Although DNA-binding dyes such as 4′,6-diamidino-2-phenylindole or propidium iodide have been known for many years, they have little sequence specificity. Marking specific DNA loci was first done by introducing arrays of bacterial operator sites along with a fluorescent protein fused to the cognate binding domain. Of these, the most widely used systems are LacO (Robinett ) and TetR (Michaelis ). However, these techniques require introduction of large pieces of DNA (5–10 kb), potentially changing the properties of the DNA sequence under study. More recently, DNA targeting methods such as TALEs and the CRISPR-Cas9 system have been used to label arbitrary DNA sequences in mammalian cells. The CRISPR-Cas9 system can be used to target a specific genomic locus by coexpressing catalytically dead Cas9 (dCas9) fused to a fluorescent protein with a set of ∼30 guide RNAs that cover the region to be targeted (Chen ). Multicolor imaging can be performed with the CRISPR-Cas9 system as well, either by tagging guide RNAs for different loci with sequences that recruit fluorescent protein fusions (Shao ) or by using orthogonal CRISPR-Cas9 systems from different organisms (Chen ). For a review of DNA-targeting approaches, see Chen et al. (2016a).

FUTURE DEVELOPMENTS

Fluorescent proteins are now more than two decades old and are becoming a mature technology, although rapid development is ongoing, as evidenced by the recent publication of mScarlet (Bindels ), probably the brightest and best-behaved red fluorescent protein to date. Near-infrared and infrared fluorescent proteins still perform less well than their visible counterparts, and we can expect to see rapid continued development in improving brightness, increasing spectral diversity, and reducing the dependence on supplementation with fluorophores. In contrast to fluorescent proteins, RNA-tagging approaches are less well developed. I expect to see continued development of fluorescent RNA aptamers for RNA tagging. In principle, there is no reason that the brightness and spectral range of these proteins should not rival that of fluorescent proteins.
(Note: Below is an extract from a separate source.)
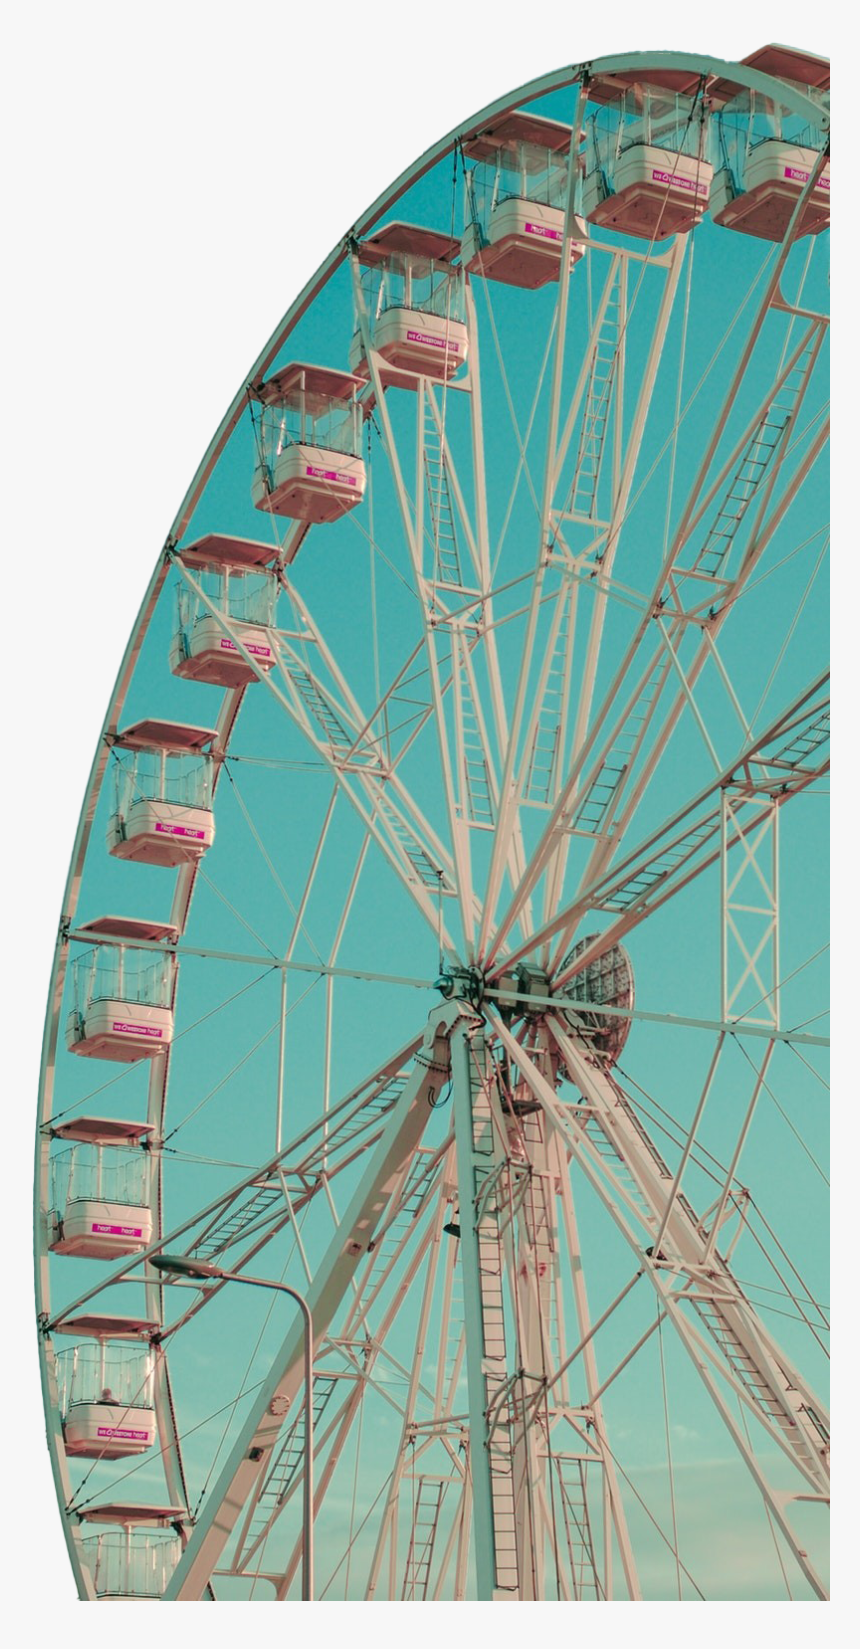 Wheel Ferris Png Transparent Image - Photograph, Png Download, Free Download

As in the rest of biology, CRISPR-Cas9 systems are having a major effect on fluorescent tagging approaches. CRISPR-Cas9 has already been modified into a DNA-tagging system in which fluorescently tagged, catalytically dead Cas9 is recruited to a specific locus by a panel of guide RNAs. A protein-tagging system amenable to CRISPR-Cas9 knock-in has also been developed (Leonetti ). In this system, GFP or mCherry is split into two pieces: one corresponds to the 11th β-strand and the other to β-strands 1–10. Separately, they are nonfluorescent, but when coexpressed, they bind and form a fluorescent GFP molecule. The 11th β-strand is only 16 amino acids long—small enough to be encoded with a commercial oligonucleotide. Because no cloning is needed, this system enables rapid tagging of genes in a high-throughput manner. Owing to its simplicity, this approach is likely to become increasingly popular. There is no reason it could not be extended to additional fluorescent tags, although some protein engineering will likely be required. I expect that this and similar systems, yet to be developed, will have a major effect on biological imaging in the future.

CONCLUSION

Over the past 20 years, the ready availability of multicolor genetically encoded fluorescent tags has revolutionized live-cell imaging. New tags continue to be developed that are brighter, expand the available spectral range, and are better tolerated by fusions. More recently, tools for tagging nucleic acids have become widely available. Combined with recent developments in advanced microscopy techniques for high-speed, high-resolution of live cells and organisms, these probes enable increasingly detailed studies of biological processes.